# Corel Draw 10 - Problem



## jhager (4. April 2004)

Hallo, bin fast am verzweifeln Neuling.
Habe folgendes Problem - Ich will mit Corel eine Visitenkarte erstellen und versuche ein jpg Bild als transpartes Bild zu hinterlegen aber ich bekomms nicht hin. Kann mir bitte jemand von euch weiterhelfen? Bitte.
Im voraus vielen Dank

Jürgen


----------



## Markus Kolletzky (4. April 2004)

Transparenz wir nur im *.gif oder *.png-Format unterstützt. Also bitte umspeichern


----------



## Little-Lilly (4. April 2004)

In Corel Draw hast Du die Möglichkeit, eine transparente Folie über das Bild zu legen. Schau mal unter Fenster und dann Andockfenster, anschliessend auf Linse klicken. Dann nimmst Du das Rechteck-Werkzeug und legst einfach ein Rechteck drüber, wo das Bild transparent sein soll.
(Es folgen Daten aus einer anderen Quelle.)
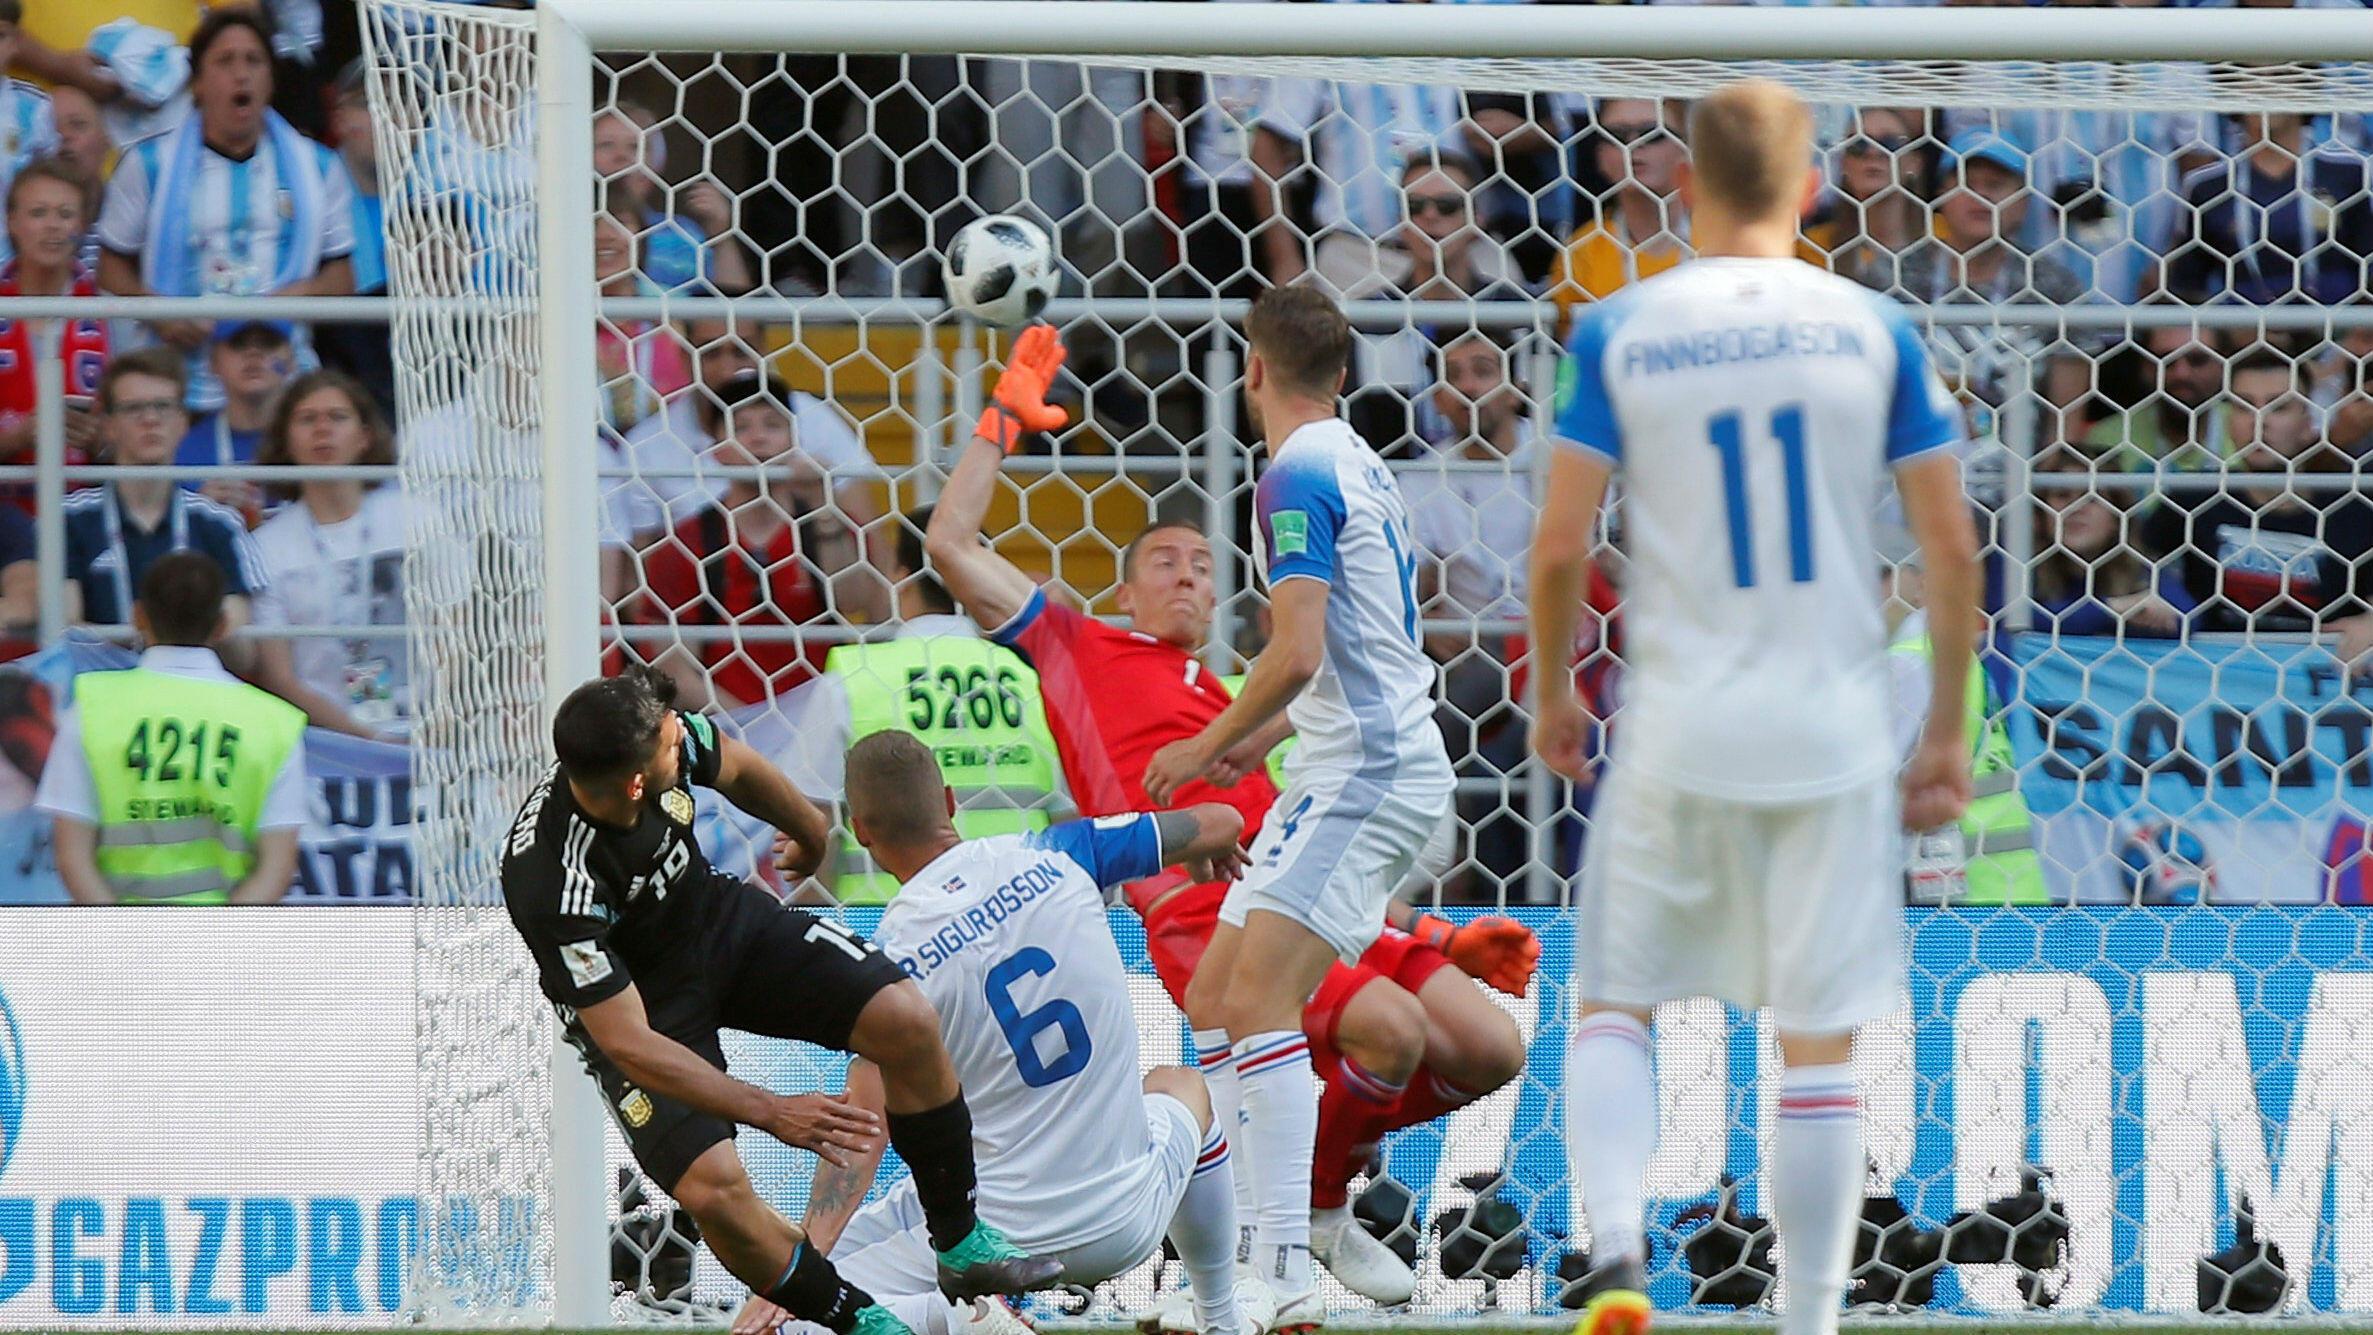 En el minuto 19, Sergio Agüero anotó el primer y único gol de Argentina.

Dann gehst Du auf das Andockfenster und scrollst da, wo "kein Linseneffekt" steht bis zur "Transparentfolie". Stelle die Farbe auf weiss und gib an, wieviel Prozent das Ergebnis haben soll. Einfach mal ein bisschen herumprobieren. Die Schrift musst Du dann allerdings nochmal ganz nach vorne holen, da diese sonst auch heller wird.


----------